Director Dustin Guy Defa screened his film, “Person to Person,” a feature-length based on his short film of the same name. The film follows five characters throughout the course of a day, exploring questions of occupation, relationships and death, starring Abbi Jacobson, Michael Cera and Tavi Gevinson.
“Person to Person” is shot on 16mm film, giving it an aged, ‘80s aesthetic that plays into the film’s “slice of life” themes. Some of the plotlines offer entertaining and relatable situations. Jacobson and Cera’s story is especially relevant to me because they both work at a news publication, interviewing various characters in order to cover a potential murder that took place. While I can’t necessarily relate to the particular assignment they were working on, I continue to learn the ins and outs of reporting and coverage myself, so it’s always fun to see that portrayed on screen.

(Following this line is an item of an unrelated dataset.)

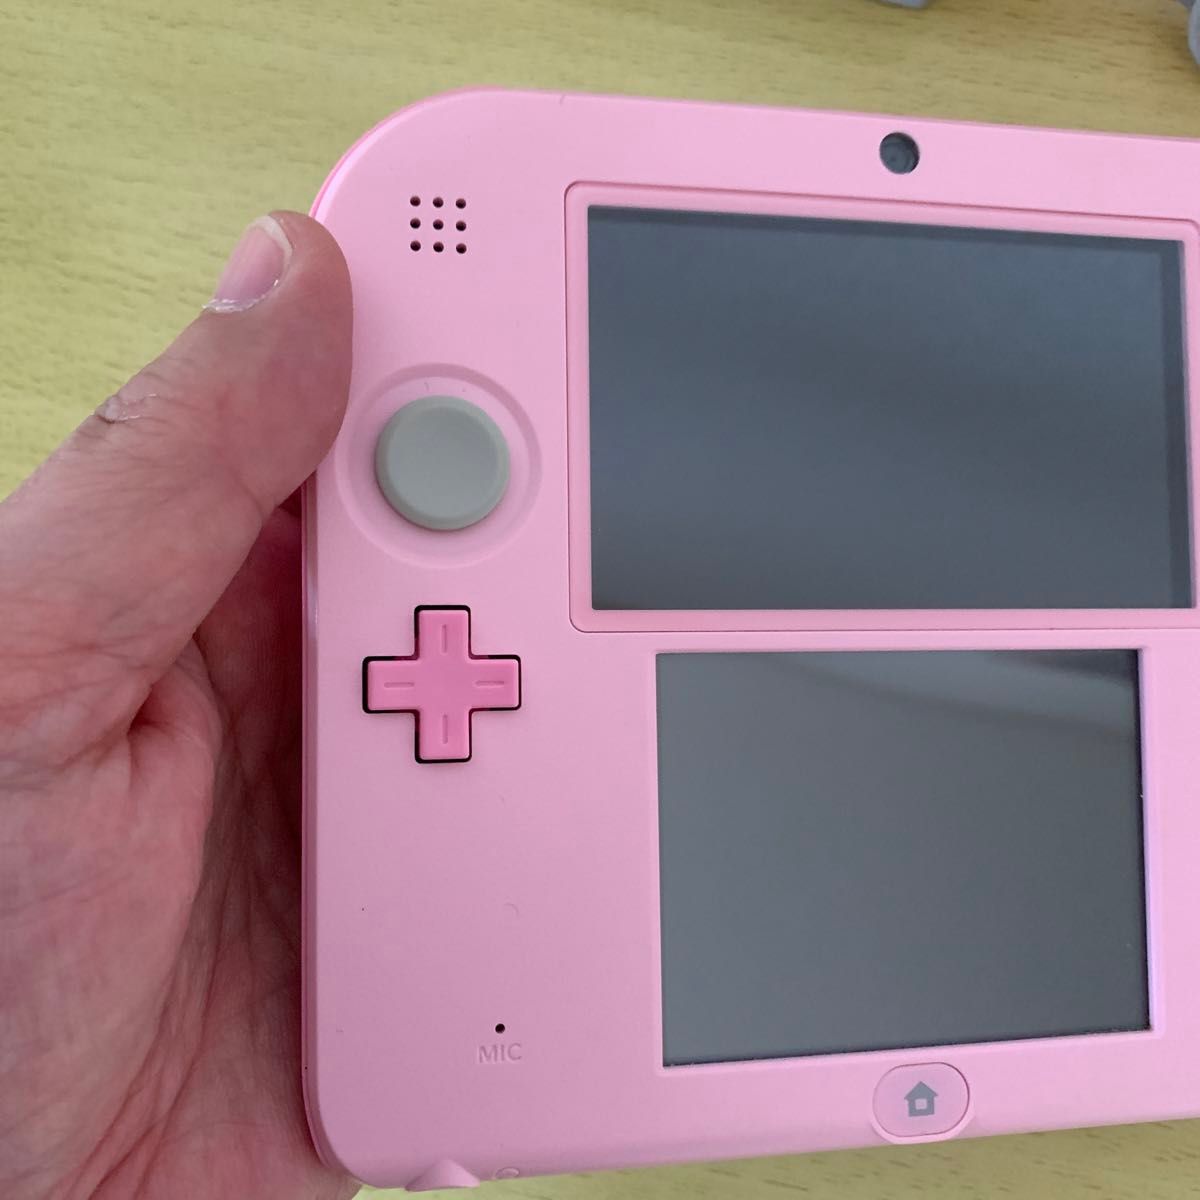 ニンテンドー2DS(ピンク)超美品とおまけのソフト(ポケモンサン)とミニ携帯ゲーム

Another notable plotline is that of Gevinson’s character as she navigates high school, relationships and her own sexuality. Defa captures these emotions and experiences very effectively, all the more strengthened by Gevinson’s performance. As intriguing as this arc was, though, the other actors weren’t as good or as believable. Several plot points are also abandoned almost as quickly as they are introduced, leaving me without a sense of closure or understanding on where the characters were left at the end of it.

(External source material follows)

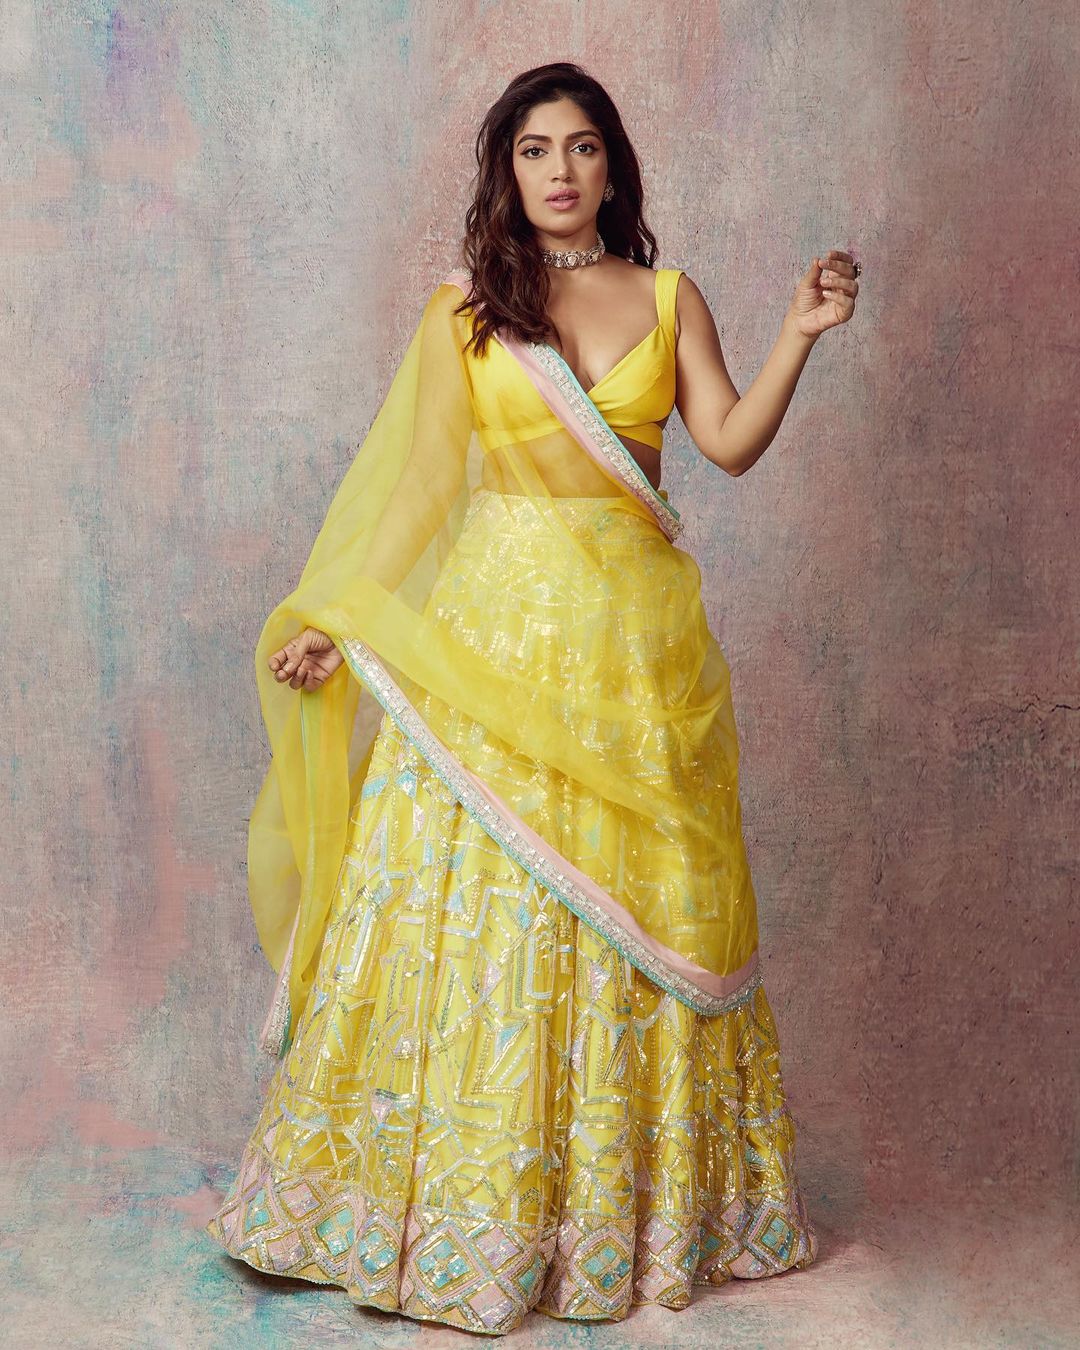 Bhumi Pednekar looks stunning in the yellow lehenga

In fact, these problems plague the rest of the plotlines as well. With the exception of Gevinson, Jacobson and Cera, the acting talent was incredibly limited, taking me out of the film. None of the stories really amount to anything or end in a satisfying, sensical conclusion. I know, in reality, everyday life doesn’t always end in ways that make sense, and perhaps this was Defa’s intention, but to me the purpose of filmmaking is to tell a good story, and I don’t think Defa conveyed his stories well enough.
Defa’s film style is nostalgic and intriguing but, as a whole, “Person to Person” never lived up to that intrigue. Defa certainly has potential as a director, but his feature-length film leaves much to be desired.